CST 370 - Module 5

 Week 5,

This module's material covered some more algorithms using divide and conquer. One of these algorithms is the quicksort algorithm. The goal of quicksort is to partition the array into two subarrays around a pivot. From there, we recursively sort the two subarrays, then combine the results. The Big Oh notation for quicksort is O(n*log(n)), which is similar to merge sort, however, when dealing with large sorting operations, quicksort beats merge sort by a small margin. 

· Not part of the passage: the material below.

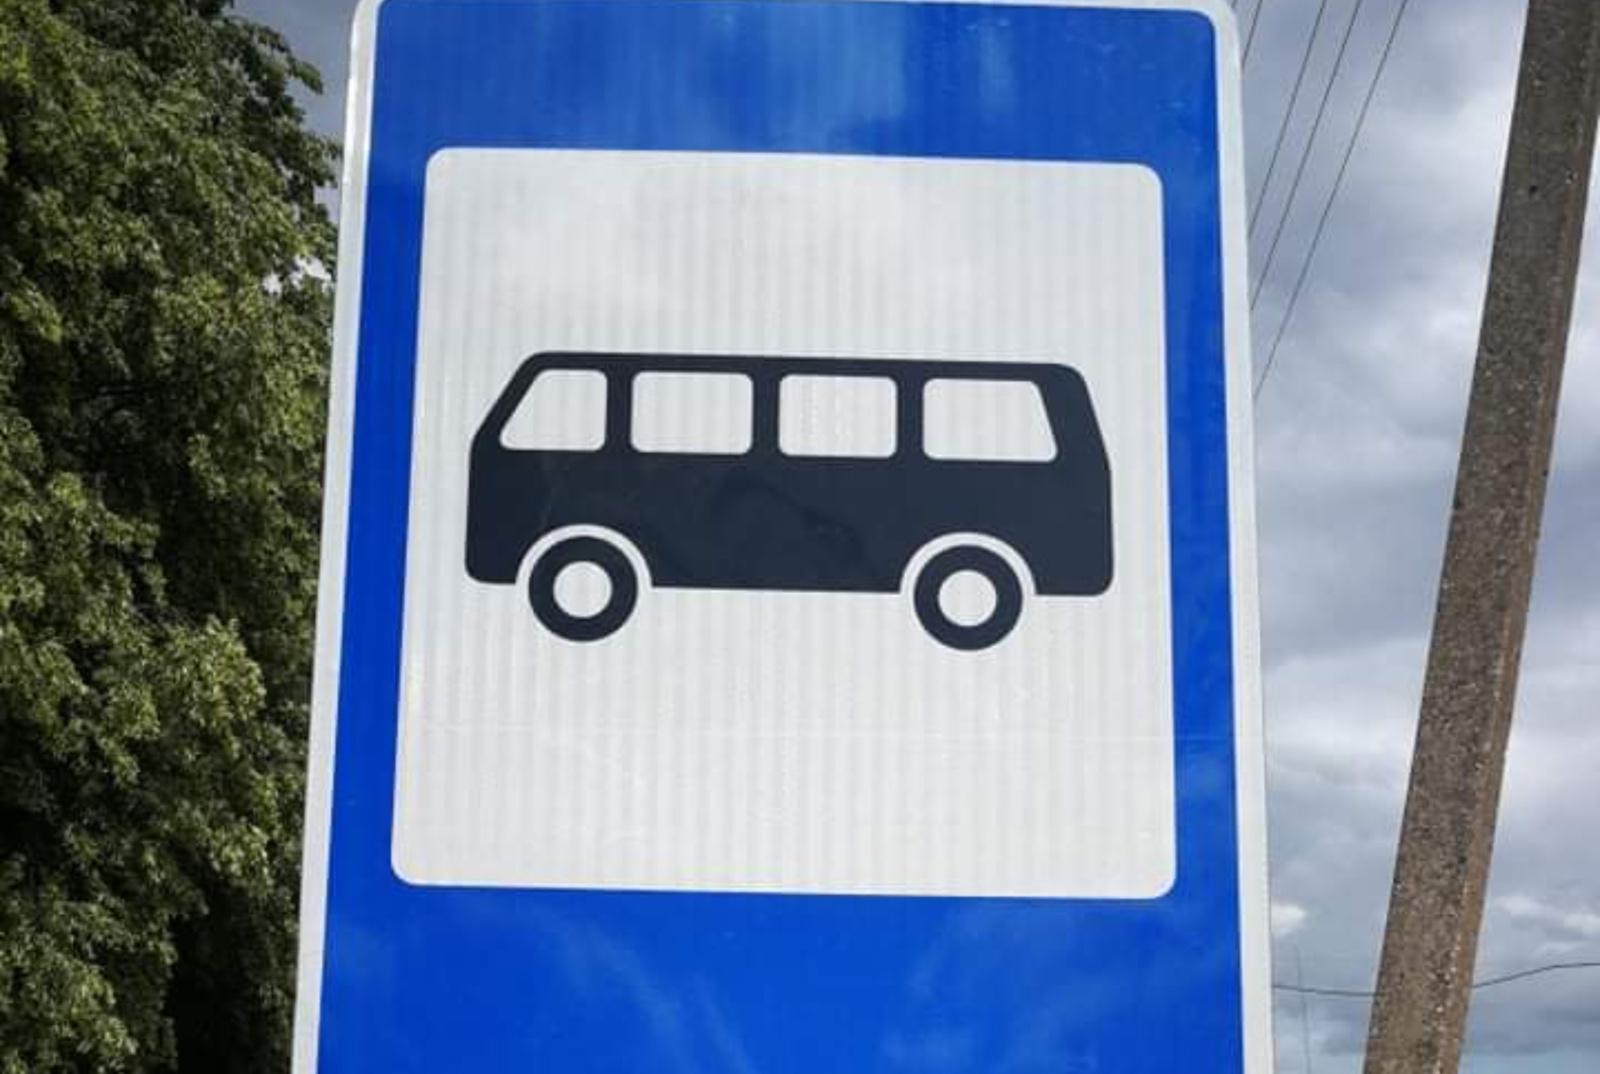 Startuoja naujas autobuso maršrutas Ukmergė-Baleliai

Next, we talk about a divide and conquer ready data structure called a binary tree. Data is usually inserted to the left or the right of a root node, typically by smaller numbers to the left of the node, and greater numbers to the right. This continues further and further down the tree creating what could be describe as... well... a tree. The main problem with using this data structure is how to traverse the binary tree. In short (got to leave some room for you to research), we talk about three methods, pre-order (root->left->right), in-order (left->root->right), and post-order (left->right->root).

The next important bit of material covered introduced us to decrease and conquer. Decrease and conquer is a technique that solves problems by first making the problem smaller, as it would be easier. There are a couple ways of doing this. Decreasing by a constant, constant factor, and variable size decrease. One real example of a decrease and conquer algorithm is the binary search. When given a key or value to look for within an array, we start in the middle index of the array, if the value is smaller than the key, then we look at the value in the middle of the subarray to the right. If the value is greater than the key, then we look at the middle of the subarray to the left. repeat until we find the value. Every time we compare a value to the key, we cut down the number of elements we compare in half. The Big Oh notation of this would be O(log(n)).

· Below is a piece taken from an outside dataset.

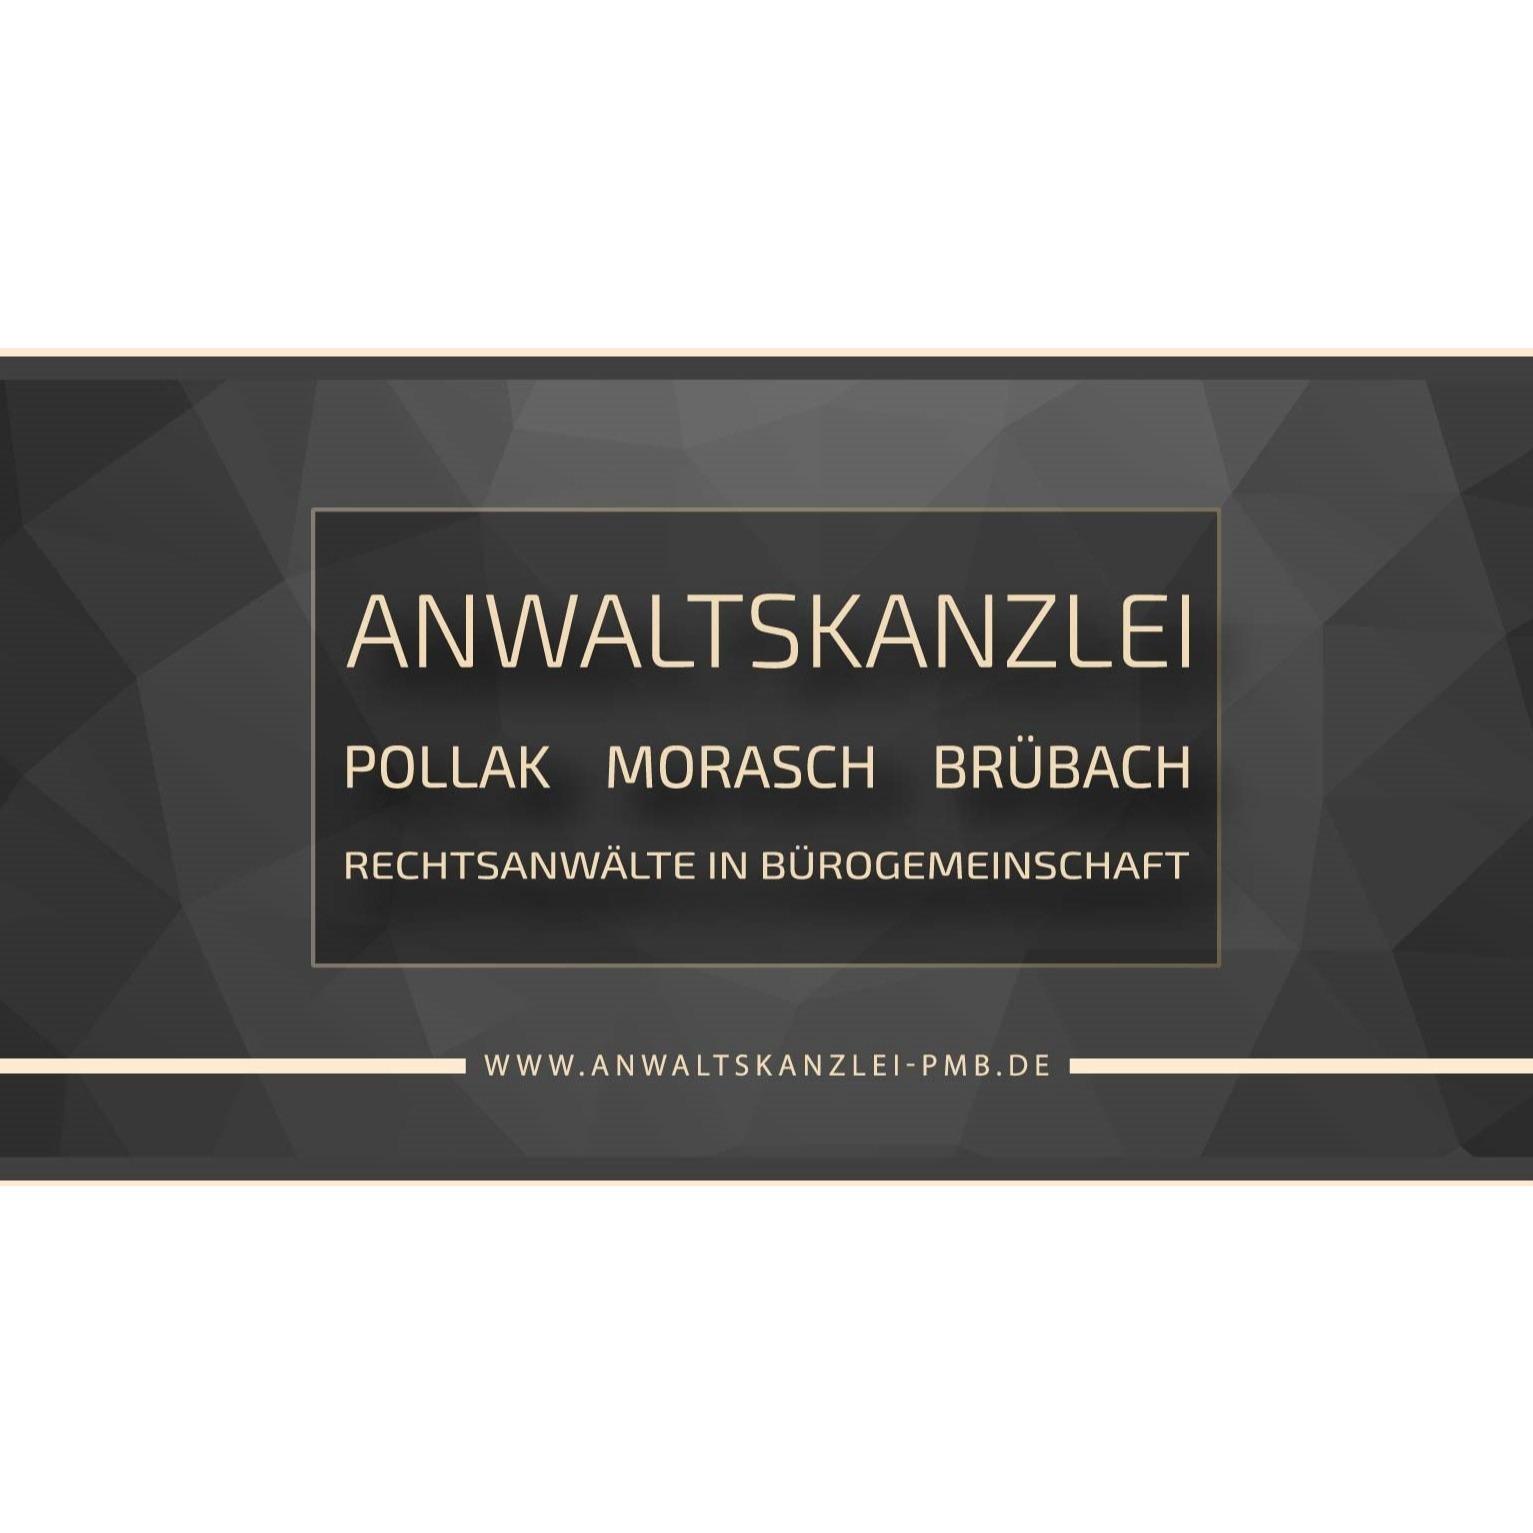 Anwaltskanzlei POLLAK MORASCH BRÜBACH

Another topic introduced was DAG (Directed Acyclic Graph) and how we can determine if a directed graph has a cycle or not (DAG if there is no cycle). One way to find this is using Kahn's Algorithm, where we find the topological order using source removal, where we eliminate a vertex or vertices with 0 incoming vertices. After each removal, a vertex or vertices will have one less incoming vertex. If we manage to eliminate all vertices, the graph is indeed a DAG. If we end up with being unable to remove all the vertices, then the graph is not a DAG.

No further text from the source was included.